Then the grooming, yes the current situation involves shampoos, conditioners, blow dryers and fluff outs. When I was a man and did manish things with my hell beast, we would gladly hit the hose up in the front yard and revel in the mud and guts being washed off each other as we spilled OUR beers. It won't be much longer before this fluff-ball poof weasel needs to be brushed and clipped weekly as he fills out his full coat of poof. I can see myself already wearing a pink apron and grooming this pocket fluff while the View is on in the background.
The one interesting development that has come from this transition to middle-aged womanhood that I am experiencing, other than the menopause is a heightened sensory perception. This all started when we would go on our daily bathroom walks in the backyard. When I would walk Rhino he would shoot off into the woods somewhere far away, hopefully on neighbors property and do his worst. I would hardly have to listen at all to make sure he went. The huge waste of a days worth of killing and burying things would hit the forest floor with such audio clarity there was no doubt that it was over. Now of course things are a bit different, after pleading with the floof to "please go potty" he saunters off to the edge of the grass where I can't really see him and gingerly squats. Much like a well tuned ninja my senses have become so sharpened I can now actually hear his itsy-bitsy rabbit droppings occur. So the ninja skill leveling I appreciate certainly, but still...

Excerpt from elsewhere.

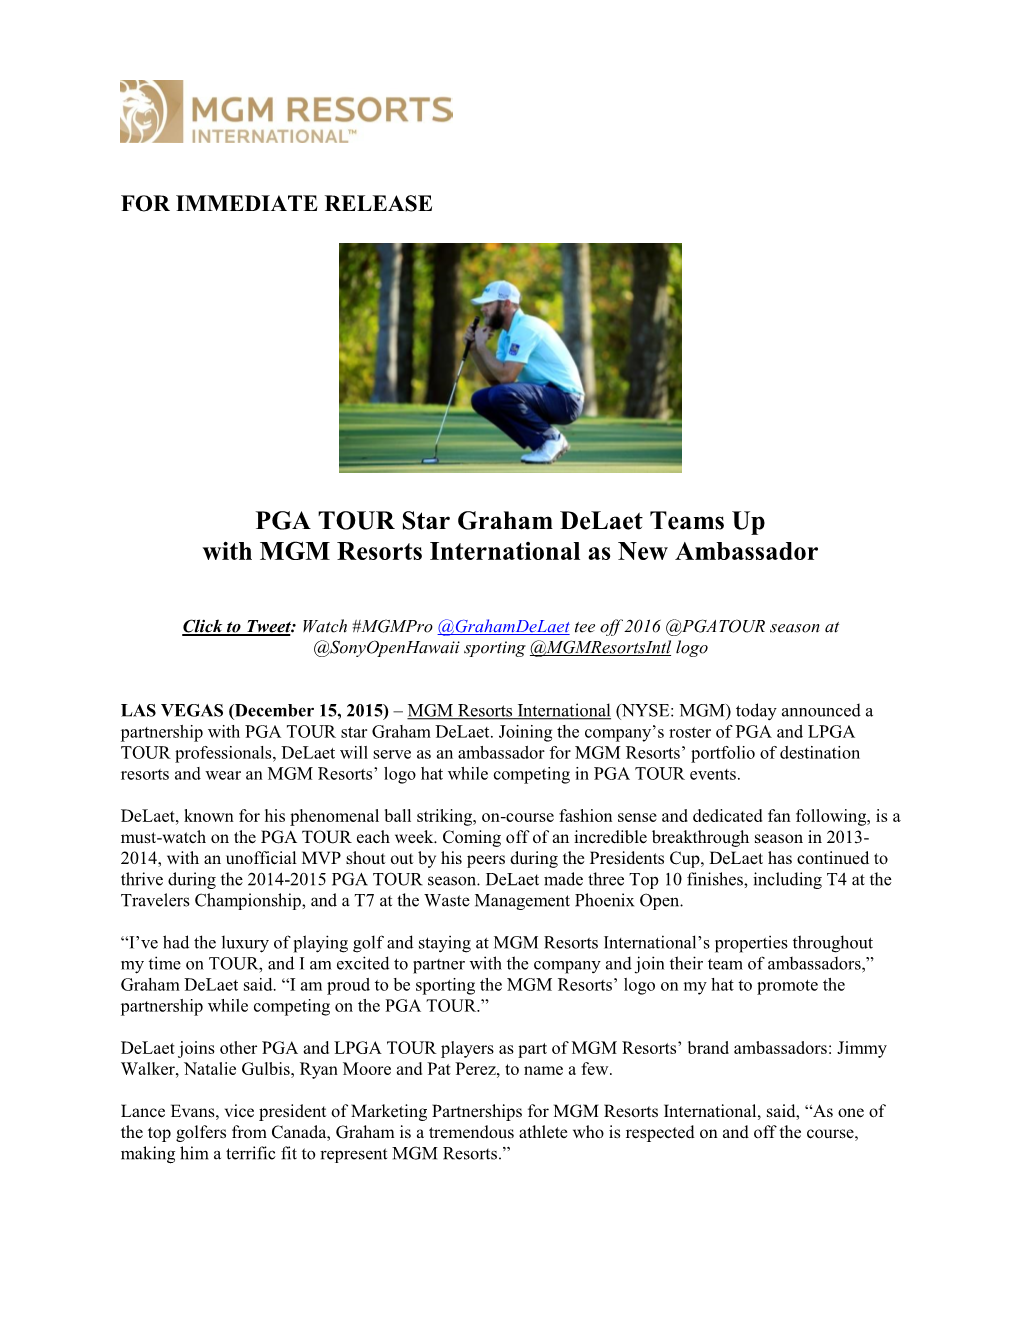 PGA TOUR Star Graham Delaet Teams up with MGM Resorts International As New Ambassador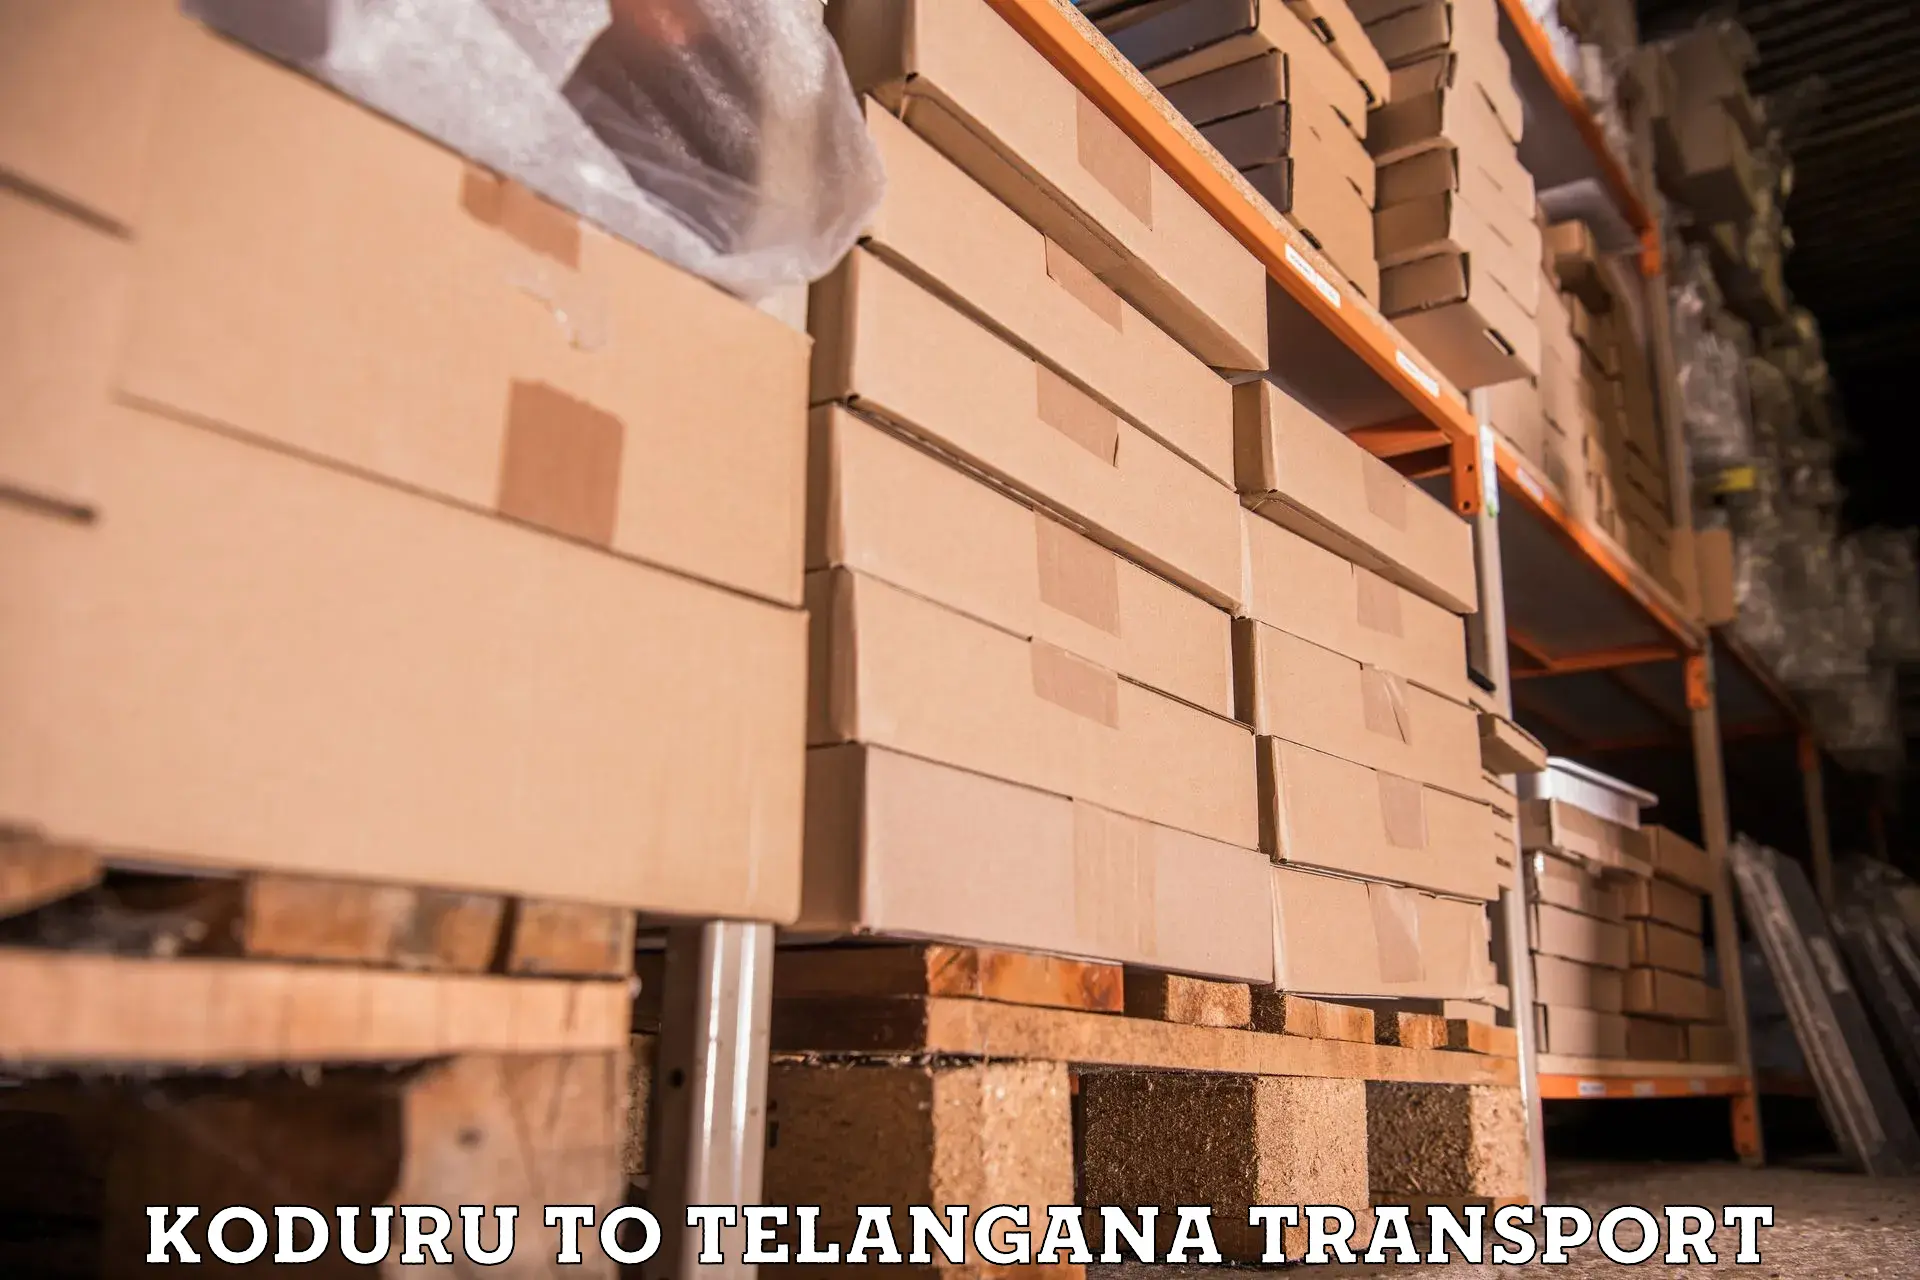 Daily parcel service transport in Koduru to Tallada

To watch me tear around the house playing silly chase games and throwing numerous stuffed animals to this guinea pig of dogs is a sad sight to behold. I really should start wearing ball gowns and drink mint juleps at this point. Rhino would be rolling in his hand dug grave (that he would have gladly helped dig, he was that bad ass.) I have a conclusion of sorts, this is a rebound dog situation! I don't actually like being a lady boy like this, I don't even like sweater shopping! This is the only explanation. This is certainly a rebound dog... Whew I feel better, gotta go brush the puppy's teeth now!